2) The number of crawlers you have, too many, too few.

3) Bandwidth limitations

4) Number of threads per host (politeness)

5) Uneven distribution of urls to fetch and politeness.

6) High crawl-delays from robots.txt (usually along with an uneven distribution of urls).

7) Many slow websites (again usually with an uneven distribution).

8) Downloading lots of content (PDFS, very large html pages, again possibly an uneven distribution).

9) Others

Now how do we fix them

1) Have a DNS setup on each local crawling machine, if multiple crawling machines and a single centralized DNS it can act like a DOS attack on the DNS server slowing the entire system. We always did a two layer setup hitting first to the local DNS cache then to a large DNS cache like OpenDNS or Verizon.

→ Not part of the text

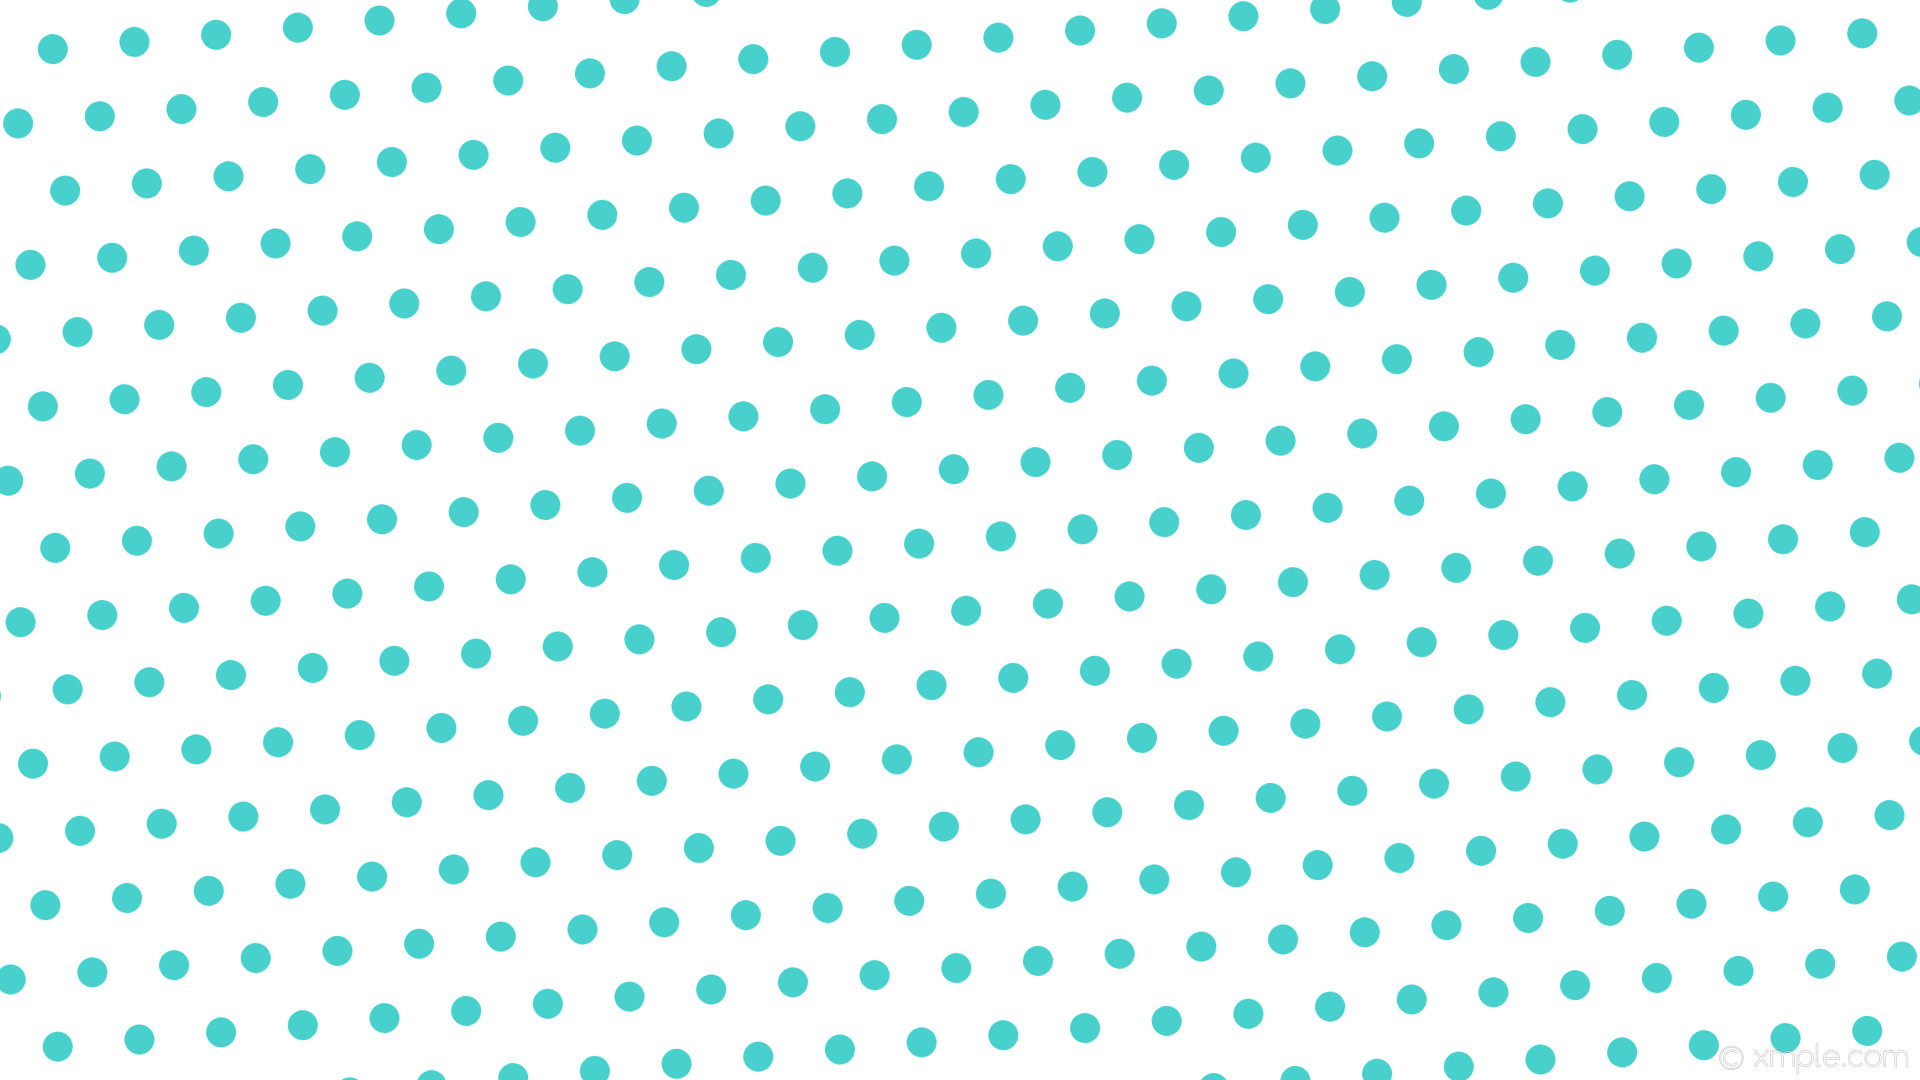 1920x1080 wallpaper white polka dots hexagon blue medium turquoise #ffffff #48d1cc  diagonal 5Â° 30px

2) This would be number of map tasks * fetcher.threads.fetch. So 10 map tasks * 20 threads = 200 fetchers at once. Too many and you overload your system, too few and other factors and the machine sites idle. You will need to play around with this setting for your setup.

3) Bandwidth limitations. Use ntop, ganglia, and other monitoring tools to determine how much bandwidth you are using. Account for in and out bandwidth. A simple test, from a server inside the fetching network but not itself fetching, if it is very slow connecting to or downloading content when fetching is occurring, it is a good bet you are maxing out bandwidth. If you set http timeout as we describe later and are maxing your bandwidth, you will start seeing many http timeout errors.

4) Politeness along with uneven distribution of urls is probably the biggest limiting factor. If one thread is processing a single site and there are a lot of urls from that site to fetch all other threads will sit idle while that one thread finishes. Some solutions, use fetcher.server.delay to shorten the time between page fetches and use fetcher.threads.per.host to increase the number of threads fetching for a single site (this would still be in the same map task though and hence the same JVM ChildTask process). If increasing this > 0 you could also set fetcher.server.min.delay to some value > 0 for politeness to min and max bound the process.

5) Fetching a lot of pages from a single site or a lot of pages from a few sites will slow down fetching dramatically. For full web crawls you want an even distribution so all fetching threads can be active. Setting generate.max.per.host to a value > 0 will limit the number of pages from a single host/domain to fetch.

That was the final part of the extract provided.